▶ **What to do**:
An exact copy of all the data, minus the images, is required.

▶ **Dataset extract**:

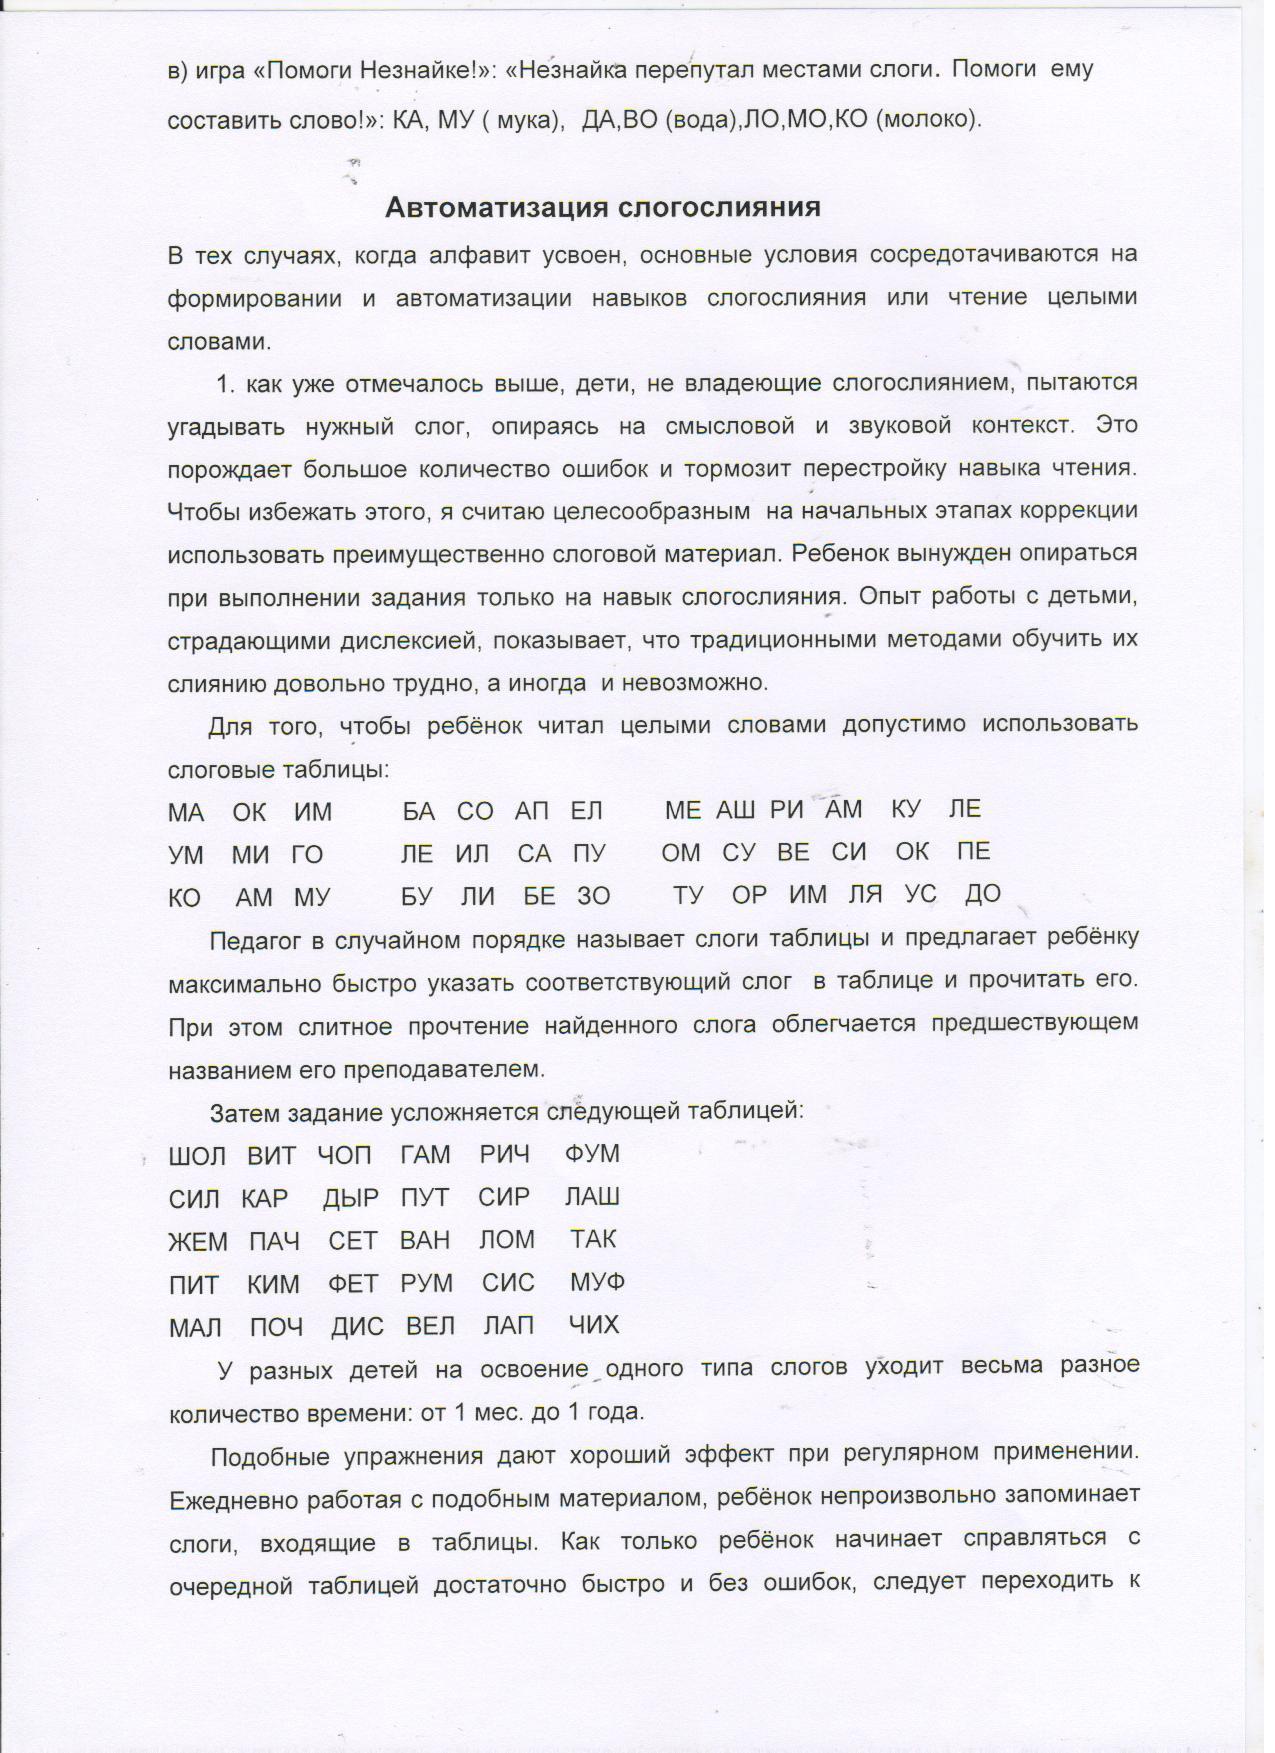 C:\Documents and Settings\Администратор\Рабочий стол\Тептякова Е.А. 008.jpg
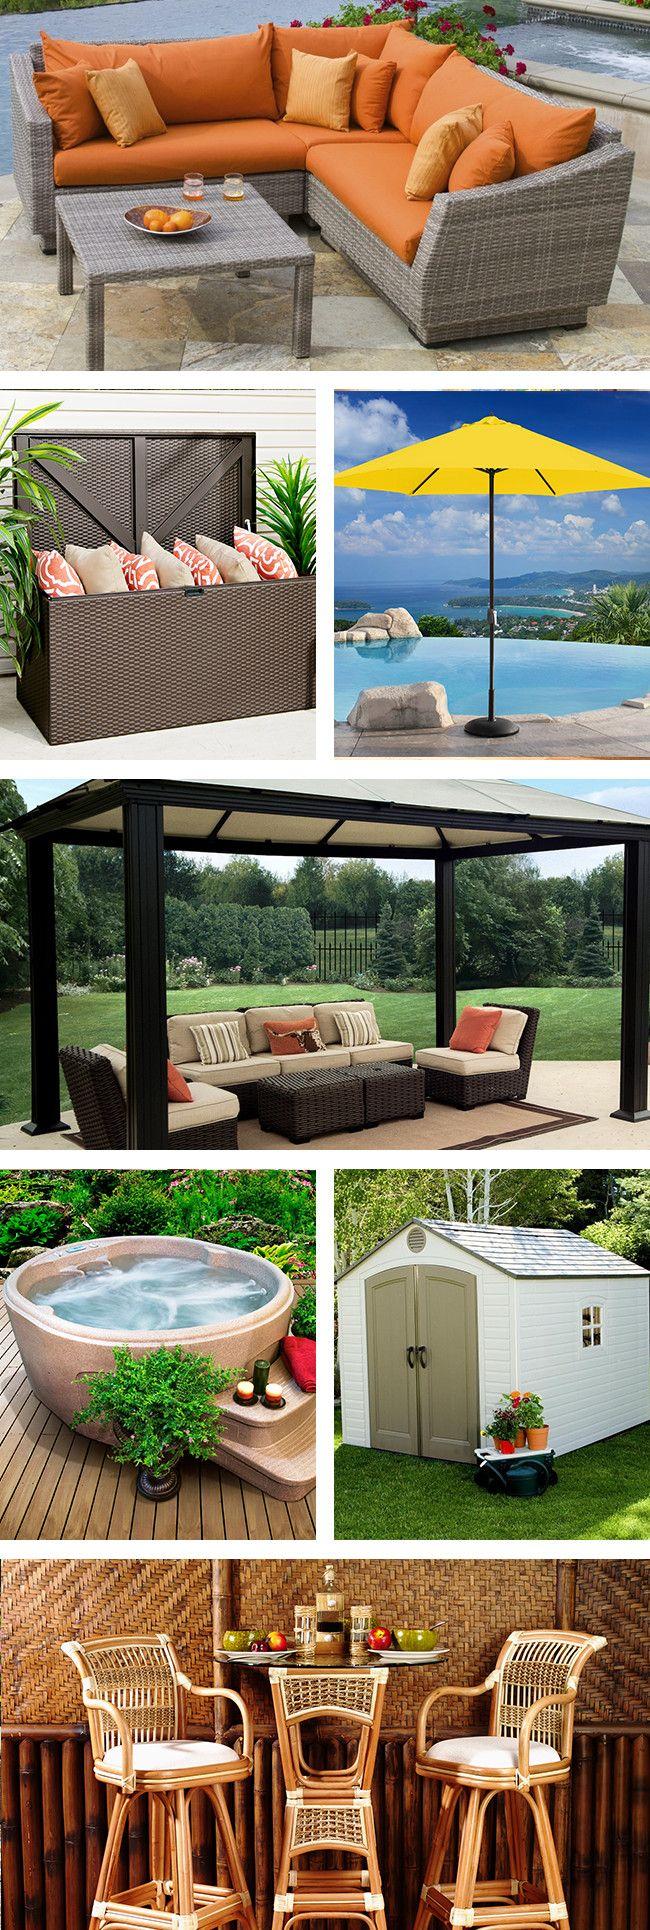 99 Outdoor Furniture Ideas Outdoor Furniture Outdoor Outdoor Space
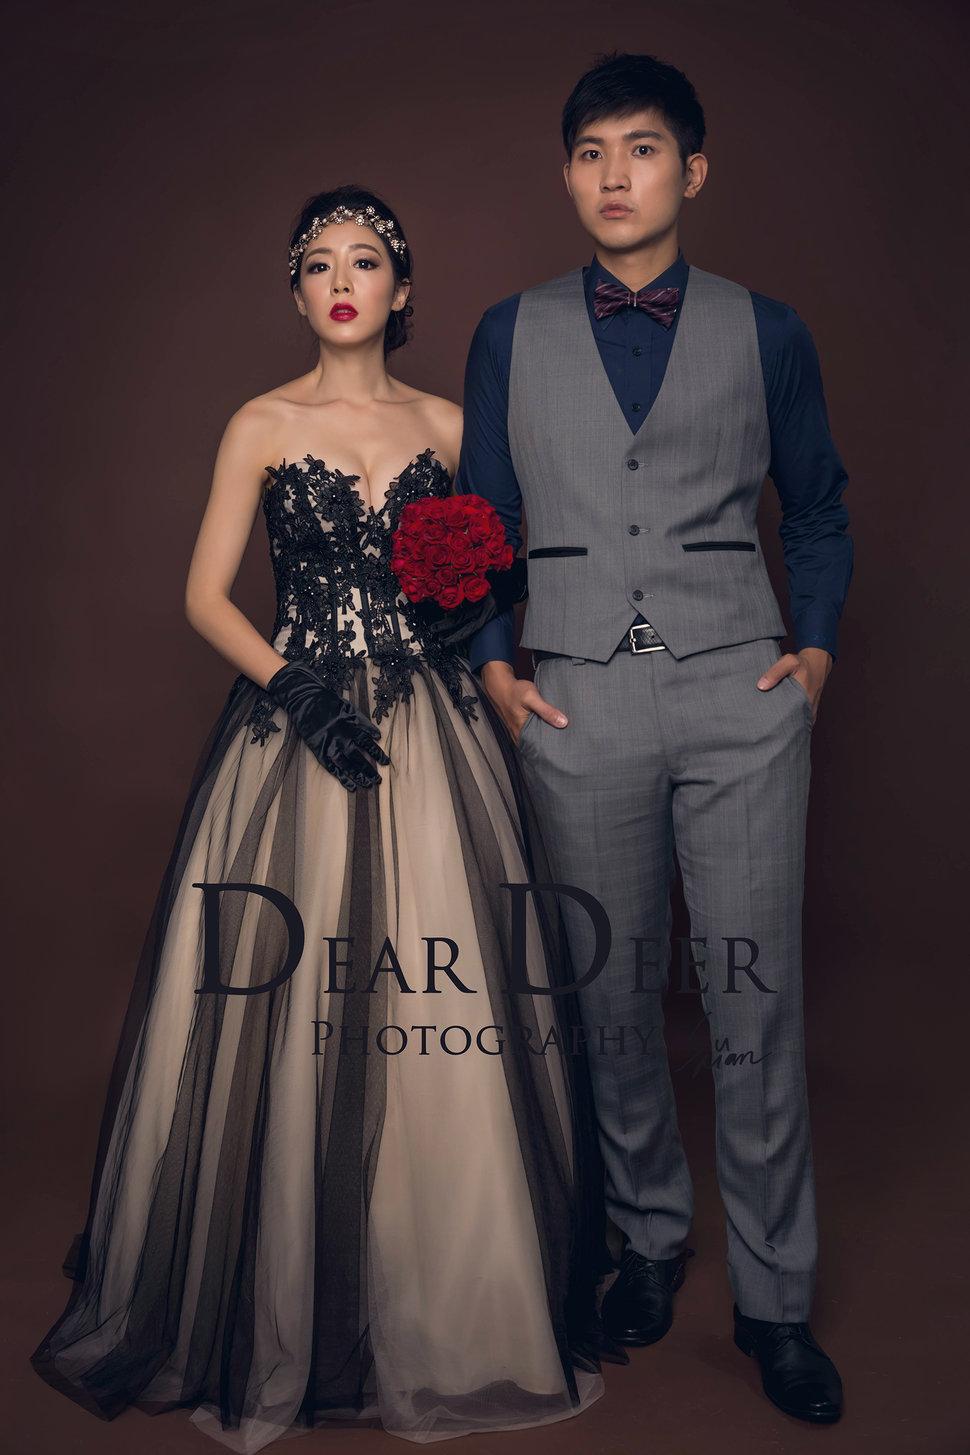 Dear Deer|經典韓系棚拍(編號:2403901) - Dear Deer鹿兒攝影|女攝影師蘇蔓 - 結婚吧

▶ **Solution to the problem**:
 C:\Documents and Settings\Администратор\Рабочий стол\Тептякова Е.А. 008.jpg
 99 Outdoor Furniture Ideas Outdoor Furniture Outdoor Outdoor Space
 Dear Deer|經典韓系棚拍(編號:2403901) - Dear Deer鹿兒攝影|女攝影師蘇蔓 - 結婚吧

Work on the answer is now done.